I've tried some other things but I don't think I'm getting any closer to the answer. Any help is much appreciated.

 

[mark726]

Thank you for your post. Let's take a look at your attempt at solving the third equality. It seems that you are on the right track, but there are a few mistakes in your calculations. I will point them out and provide some guidance on how to correct them.

First, let's look at the expression you have for \nabla_{y}^{'}. You correctly used the definition of the rotation operator P_{z}(\theta), but then you wrote it as \exp\left\{ -i\alpha\left(xp_{y}-yp_{x}\right)\right\}. This is not quite correct. Remember that j_{z} = xp_{y}-yp_{x}, so the correct expression should be \exp\left\{ -i\alpha j_{z}\right\}.

Next, you wrote p_{y} as the generalized momentum operator, which is correct.

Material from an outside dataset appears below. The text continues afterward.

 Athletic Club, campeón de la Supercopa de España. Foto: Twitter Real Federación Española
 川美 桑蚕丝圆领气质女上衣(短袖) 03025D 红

However, when you apply the commutation relation [p_{z},xp_{y}-yp_{x}] = 0, you wrote p_{y} as the physical momentum operator. This is incorrect. Remember that p_{y} is a part of the generalized momentum operator j_{z}, so you should use [p_{z},j_{z}] = 0 instead.

Finally, when you expand the exponential terms, you should use the binomial theorem to factor out the powers of x and y. This will simplify your expression significantly.

I hope this helps you to correct your mistakes and continue with your solution. If you need further assistance, please do not hesitate to ask. Good luck!